Très vite le nouveau venu dans la maison n’a pas l’air franc du collier. S’il fait tout pour plaire à la famille en apparence, on sent bien qu’il joue un jeu. Peu à peu, tout le monde se méfie de lui et de l’étranger qu’il est. Il incarne clairement un danger sourd qui peut faire basculer le film à tout moment. C’est ce que l’on attend, ce que l’on sent poindre. A un moment, il va faire basculer le film, vers quoi c’est impossible à le deviner, mais un déclic va se produire. Pourtant les minutes s’égrènent, la jovialité s’installe en même temps que les doutes. Fukada tisse un film sur la peur de l’étranger, cette peur présente au Japon qui sous sa caméra prend un caractère franchement universel. Si la rupture de ton attendue ne survient pas tout à fait, le film s’installe dans ce constat social et sociétal que la peur de l’étranger est un mal inhérent à notre époque.
Hospitalité intrigue, pas mal, traîne, un peu, et finit, alors que l’on attend un pétage de plomb qui semble inéluctable, dans une fiesta pleine de cœur criant à l’union des peuples. C’est finalement pour le moins inattendu, à défaut d’être tout à fait enthousiasmant.

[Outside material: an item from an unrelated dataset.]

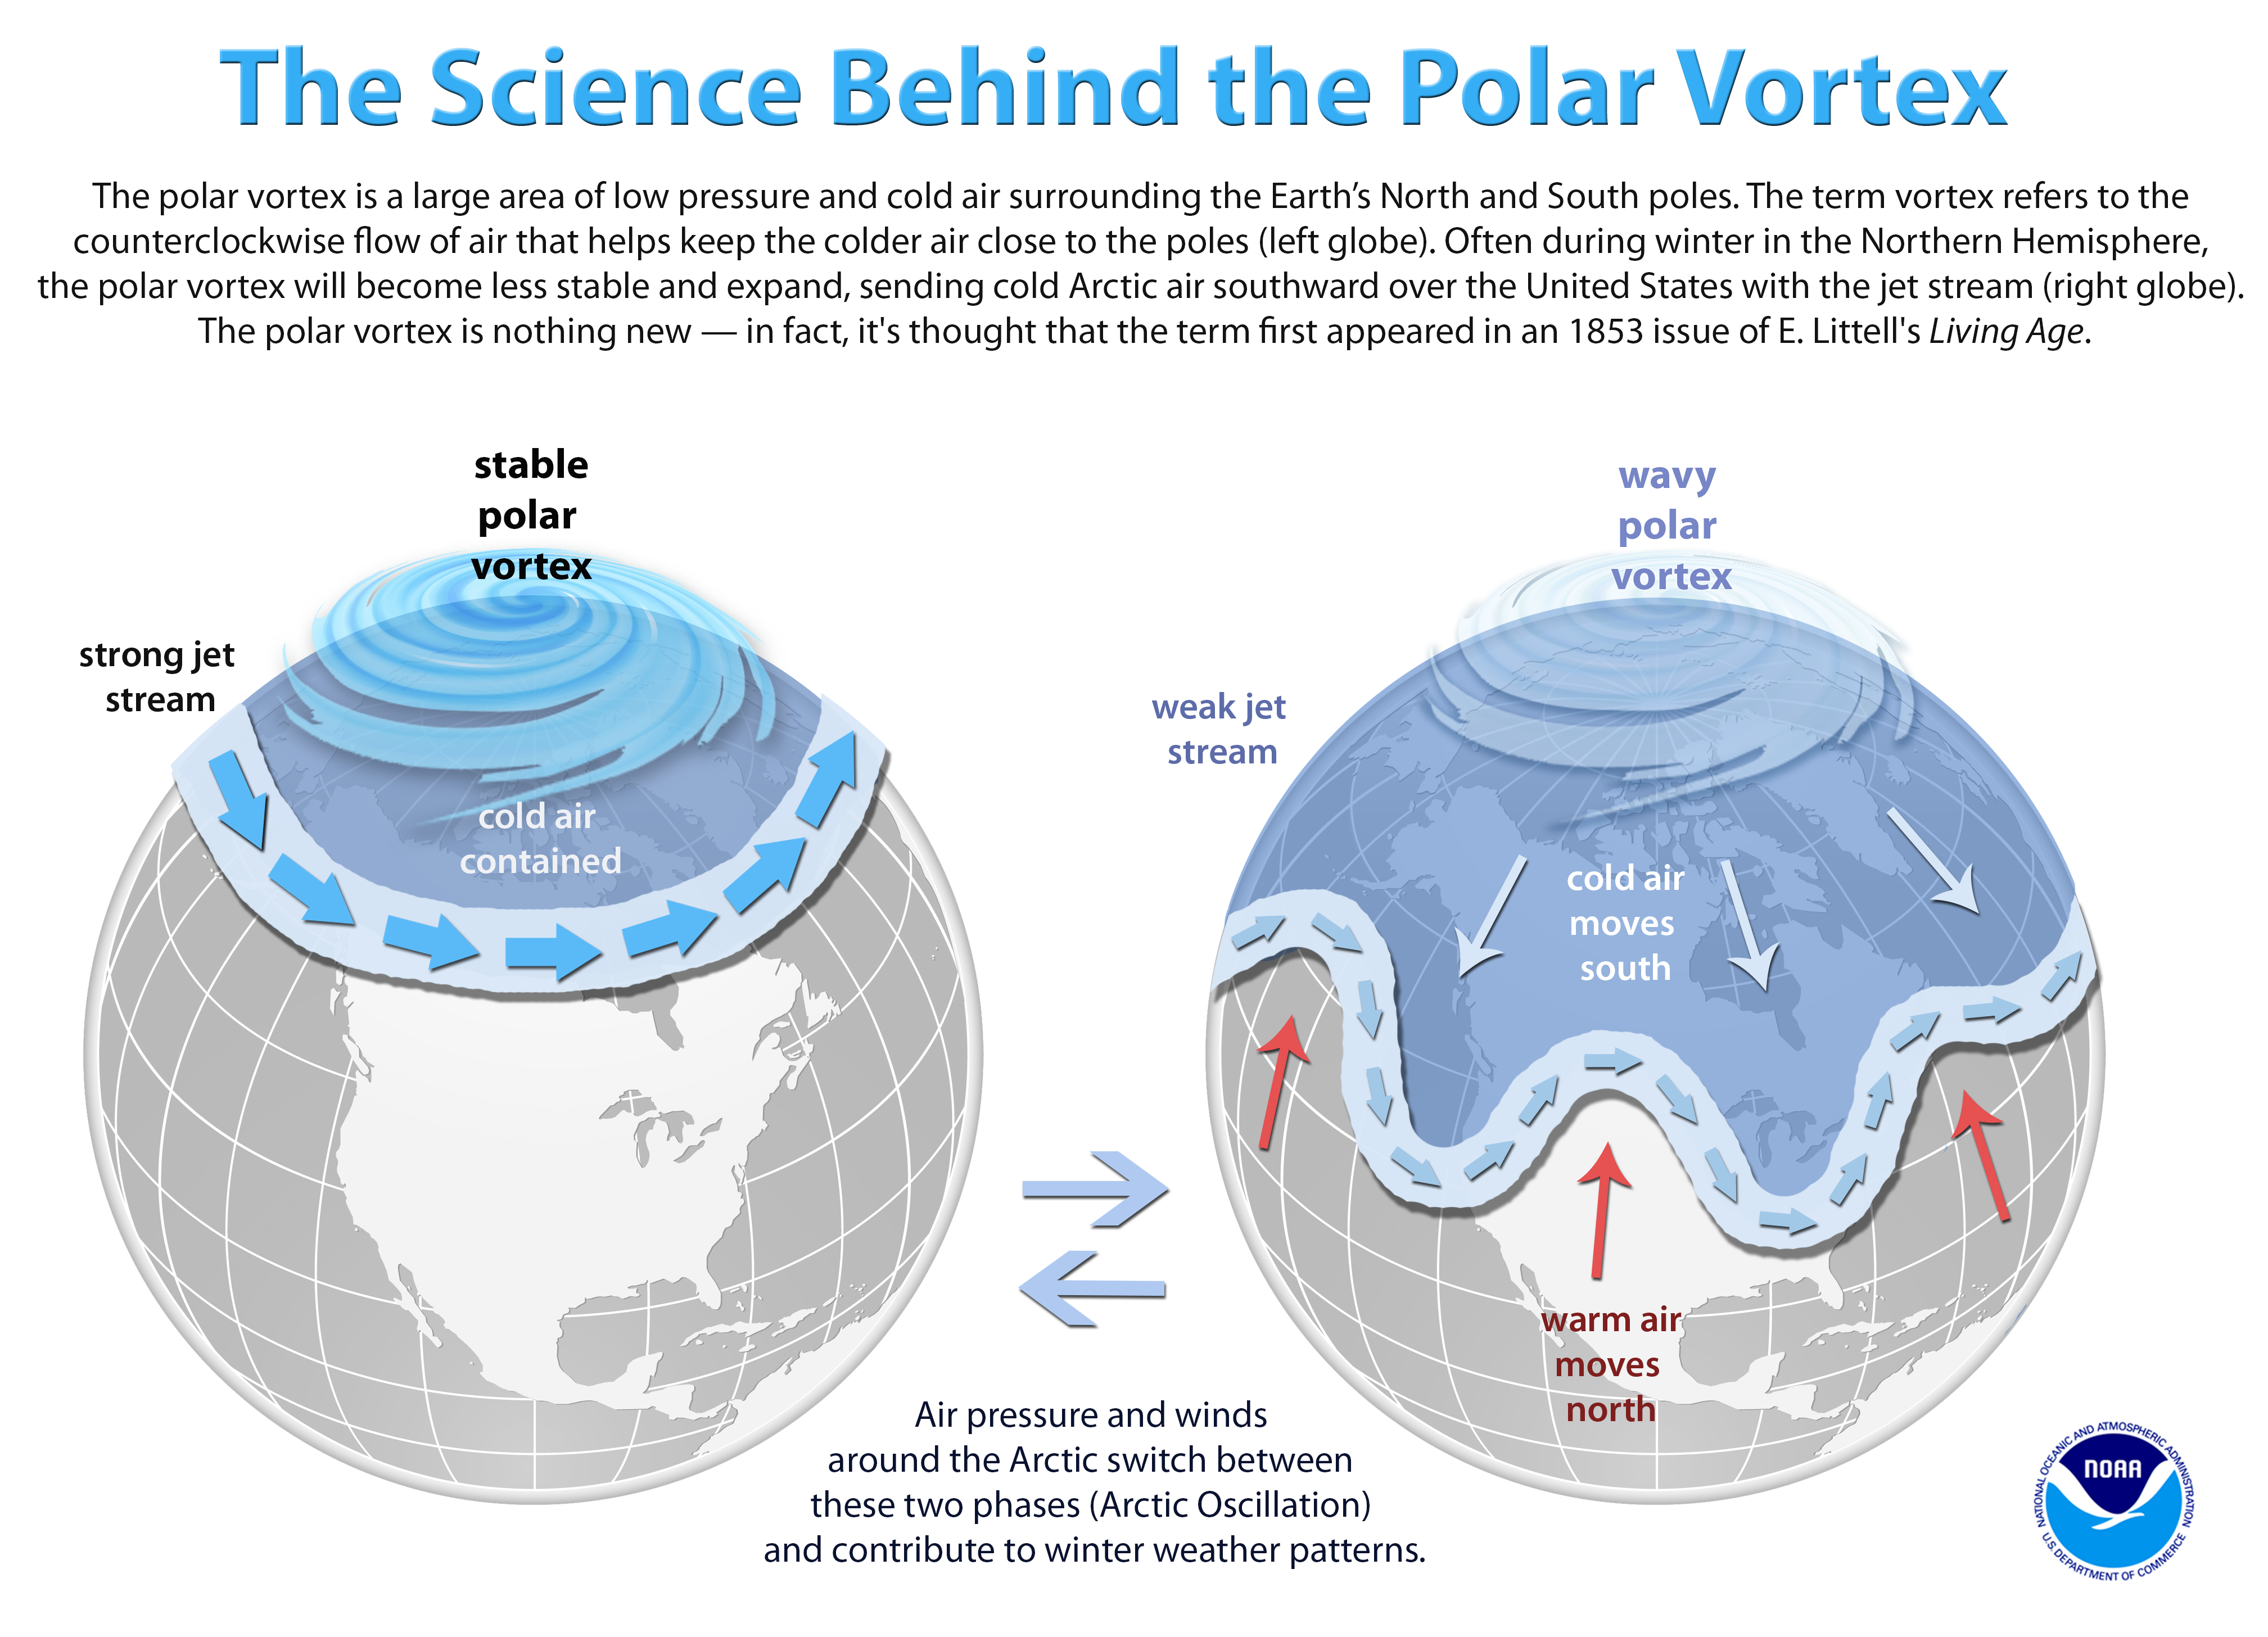 The science behind the polar vortex

Lorsque la lumière se rallume, le réalisateur Koji Fukada, l’actrice/productrice Kiki Sugino et le fameux interprète qui nous avait laissé un souvenir mémorable l’année dernière sont présents pour répondre aux questions des spectateurs. S’en sortira-t-il mieux que l’an passé derrière le micro ? Au début on le croit, et puis rapidement, les doutes l’assaillent, les bégaiements et hésitations se font entendre, et de grands moments de solitude s’enchaînent pour lui. Un blanc est comblé par un spectateur japonais, ce qui met mal à l’aise pour le sympathique interprète. Heureusement, une vieille japonaise lui vole quelques instants la vedette en posant une question en français, puis en traduisant directement en japonais pour le réalisateur. La version japonaise de sa question semble n’en plus finir, et la membre du staff du festival qui gère le questions/réponses semble alors lui demander d’aller plus vite, ce à quoi la japonaise se tourne vers elle furieuse et criant « Mais je suis en train de lui poser une question en japonais, ne m’interrompez pas ce n’est pas poli !!! ». Rires dans la salle bien sûr.

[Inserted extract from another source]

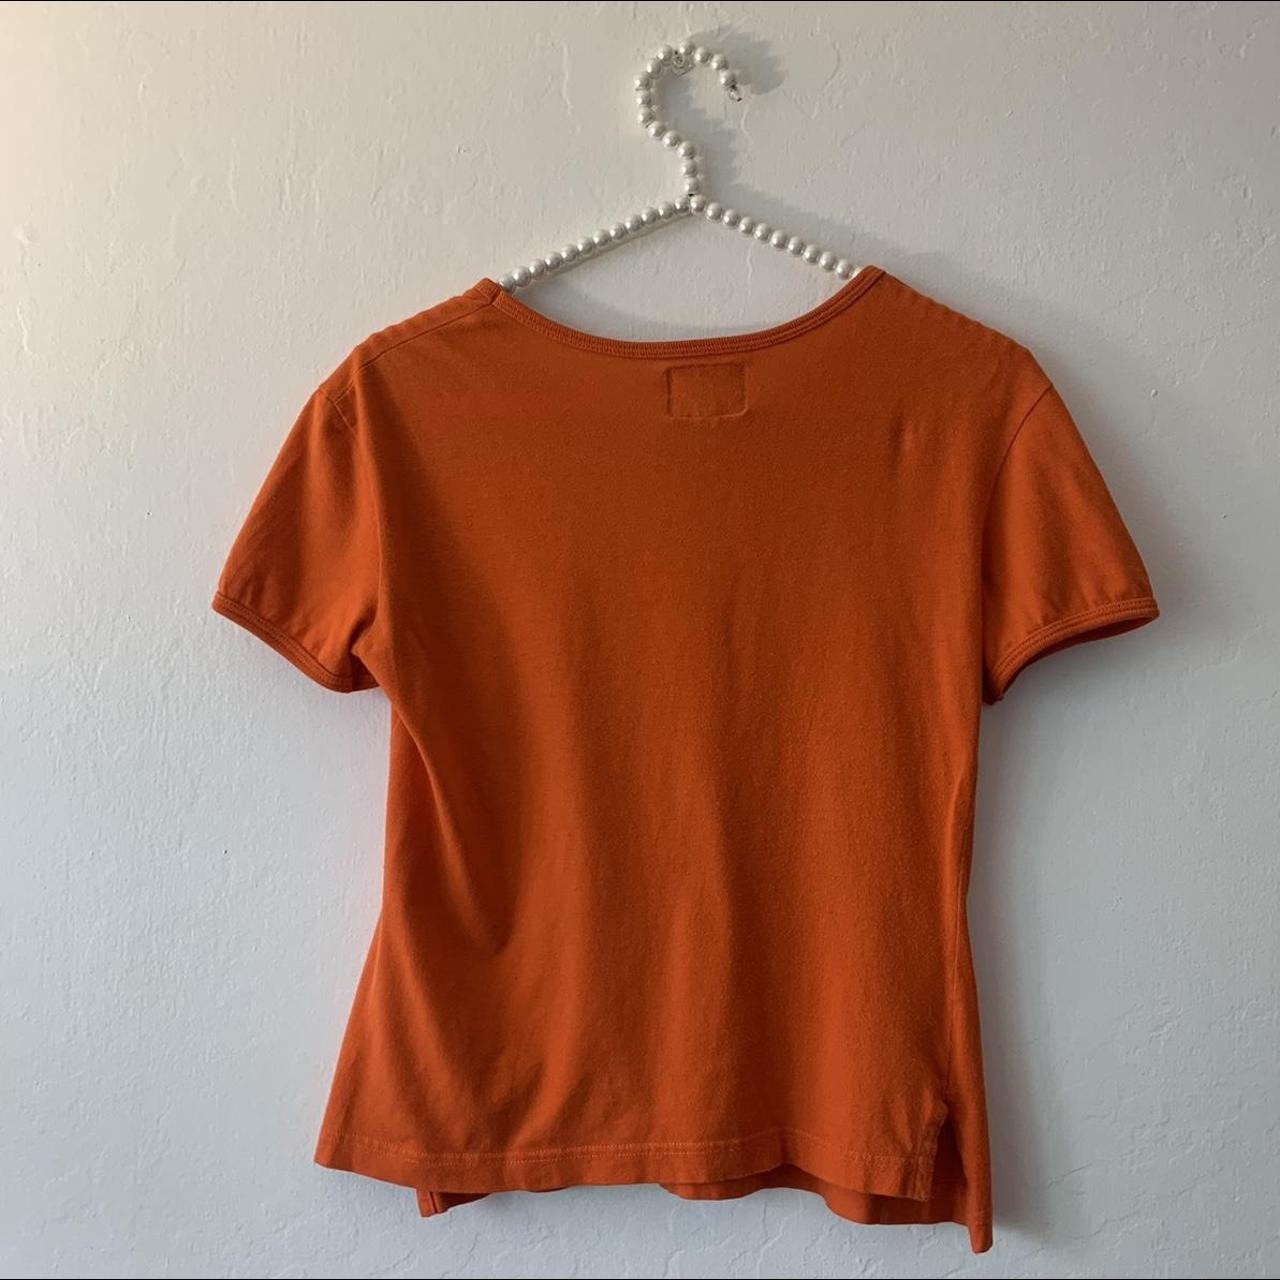 💥 vivienne westwood anglomania orange shirt 💥 small... - Depop

En fin de soirée, alors que tout le monde se dirige vers la sortie, I.D. de Made in Asie me propose qu’on se fasse prendre en photo avec le Fukada et la jolie Kiki. Pour Kiki, ce n’est pas difficile, mais Fukada est justement retenu en otage par la japonaise ayant vitupéré plus tôt. En attendant, à son grand étonnement, on se fait prendre en photo avec notre interprète vedette qui nous a régalés une fois encore. Il a beau s’emmêler les pinceaux, j’espère que ce n’était pas la dernière fois qu’il faisait l’interprète pour Paris Cinéma.